> [TASK GOAL]: Apart from the pictures, everything in the lines below must be printed exactly.

> [COLLECTED MATERIAL]:
━━━━━━━━━━━━━━━━━━━━━━━━━━━━━━

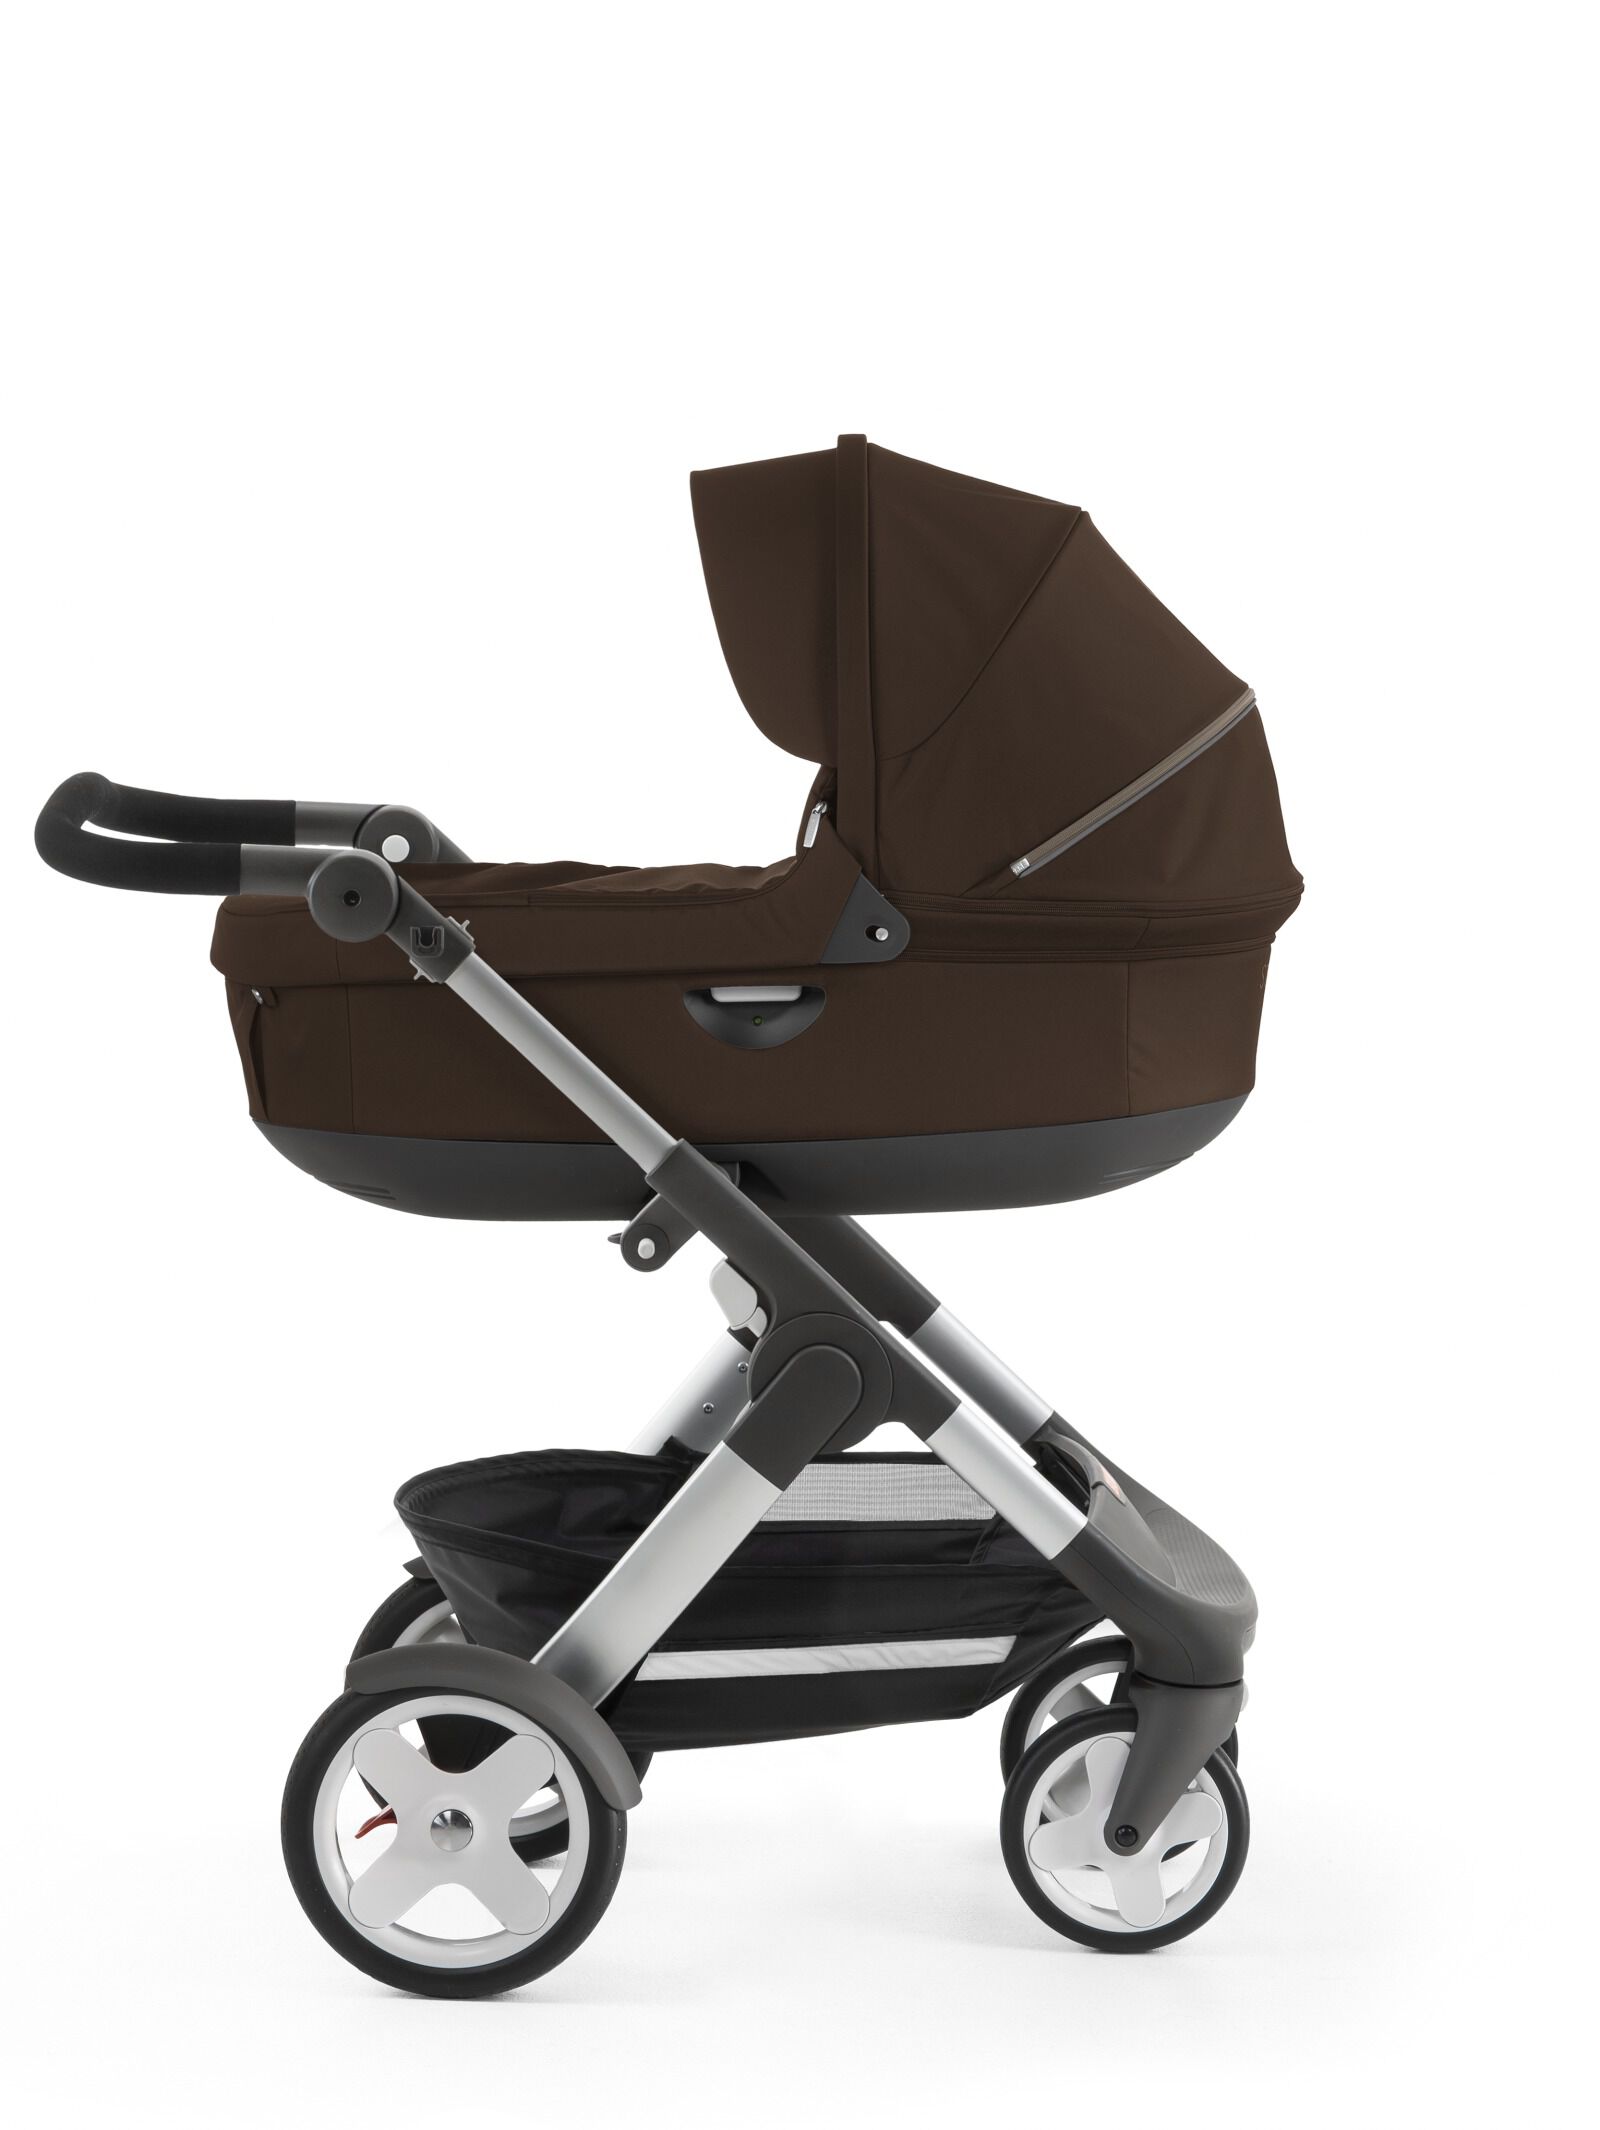 baby carry cot with wheels
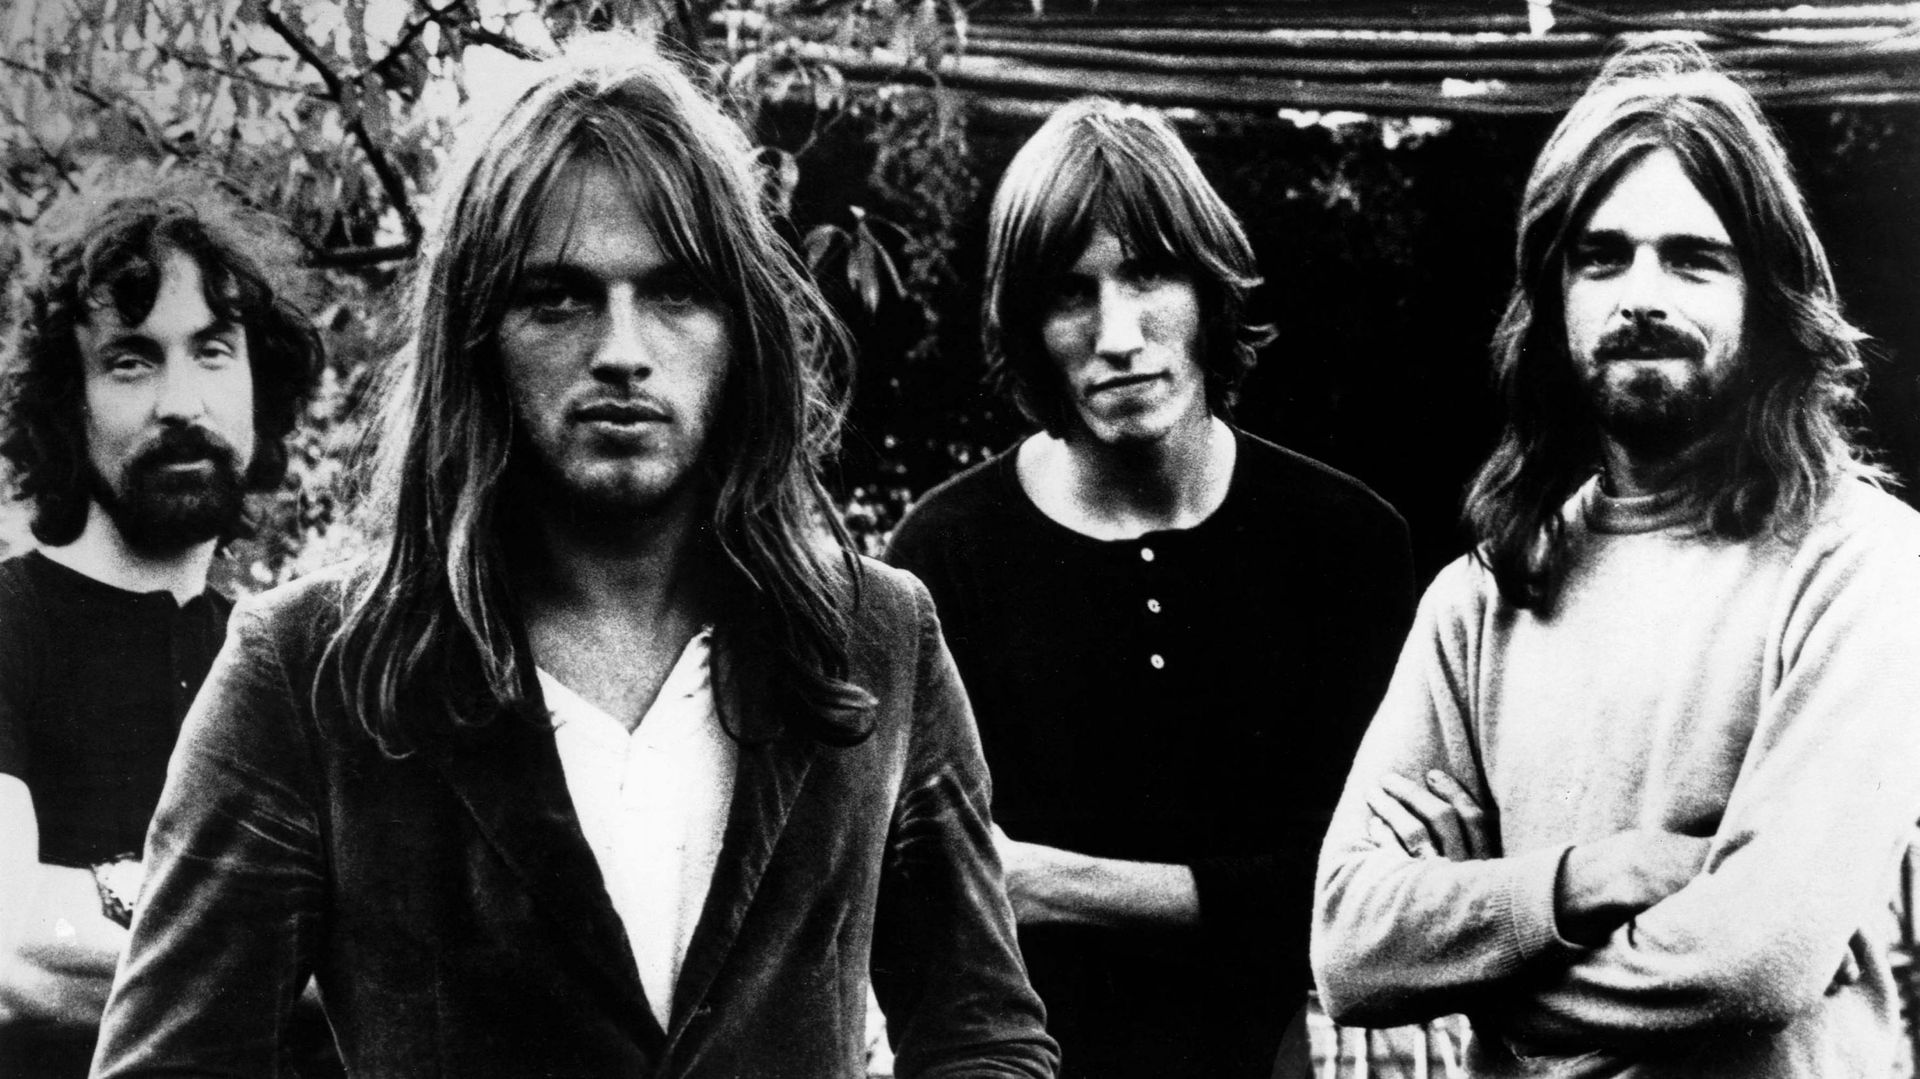 Photo of Roger WATERS and Rick WRIGHT and PINK FLOYD and Nick MASON and David GILMOUR
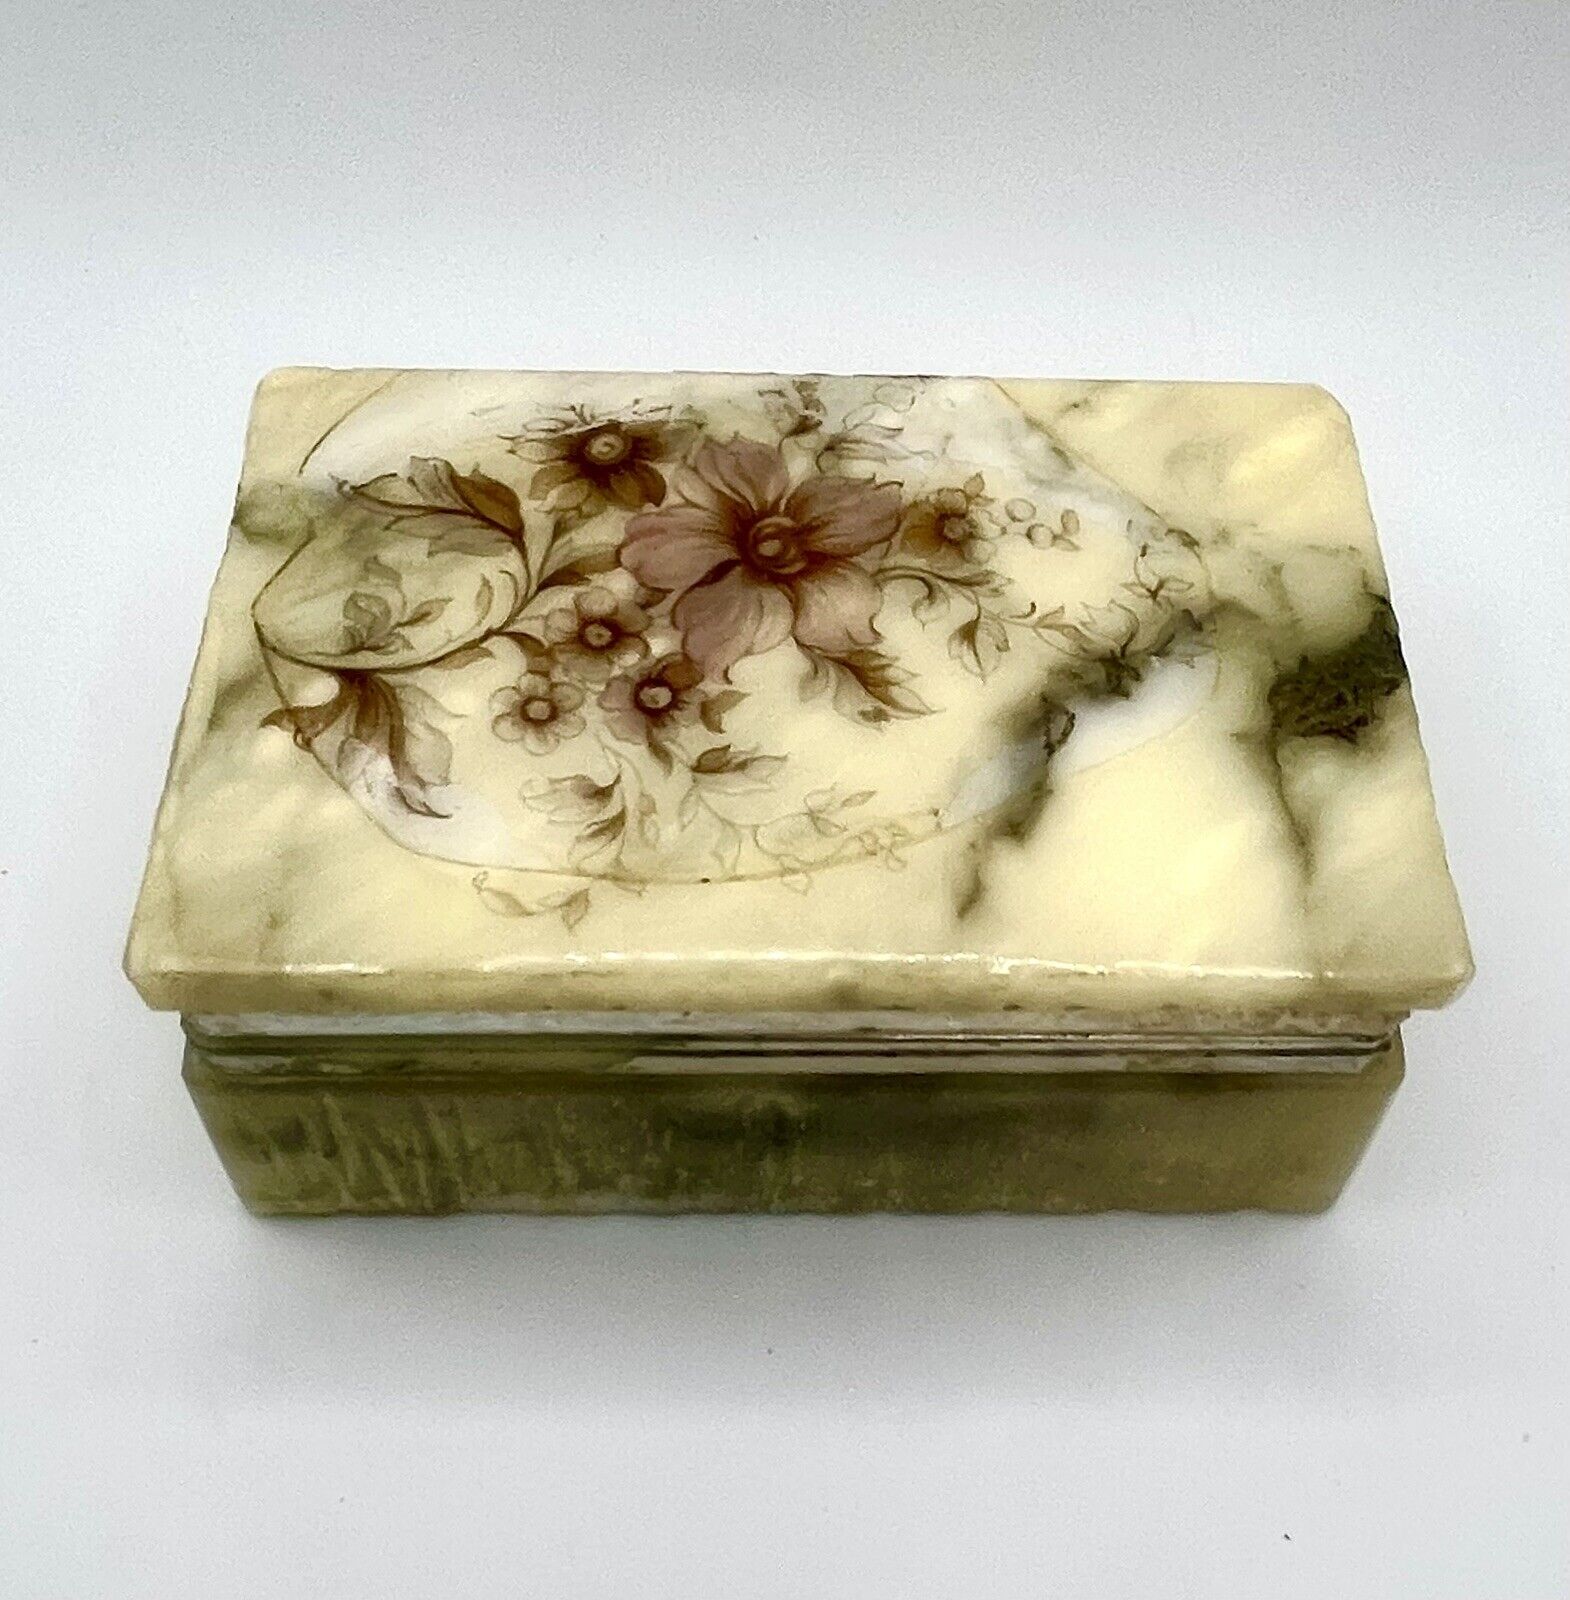 Vintage Genuine Alabaster Hand Carved Hinged Jewelry Trinket Box Made in Italy

━━━━━━━━━━━━━━━━━━━━━━━━━━━━━━

> [REPLY TO THE EXERCISE]:
 baby carry cot with wheels
 Photo of Roger WATERS and Rick WRIGHT and PINK FLOYD and Nick MASON and David GILMOUR
 Vintage Genuine Alabaster Hand Carved Hinged Jewelry Trinket Box Made in Italy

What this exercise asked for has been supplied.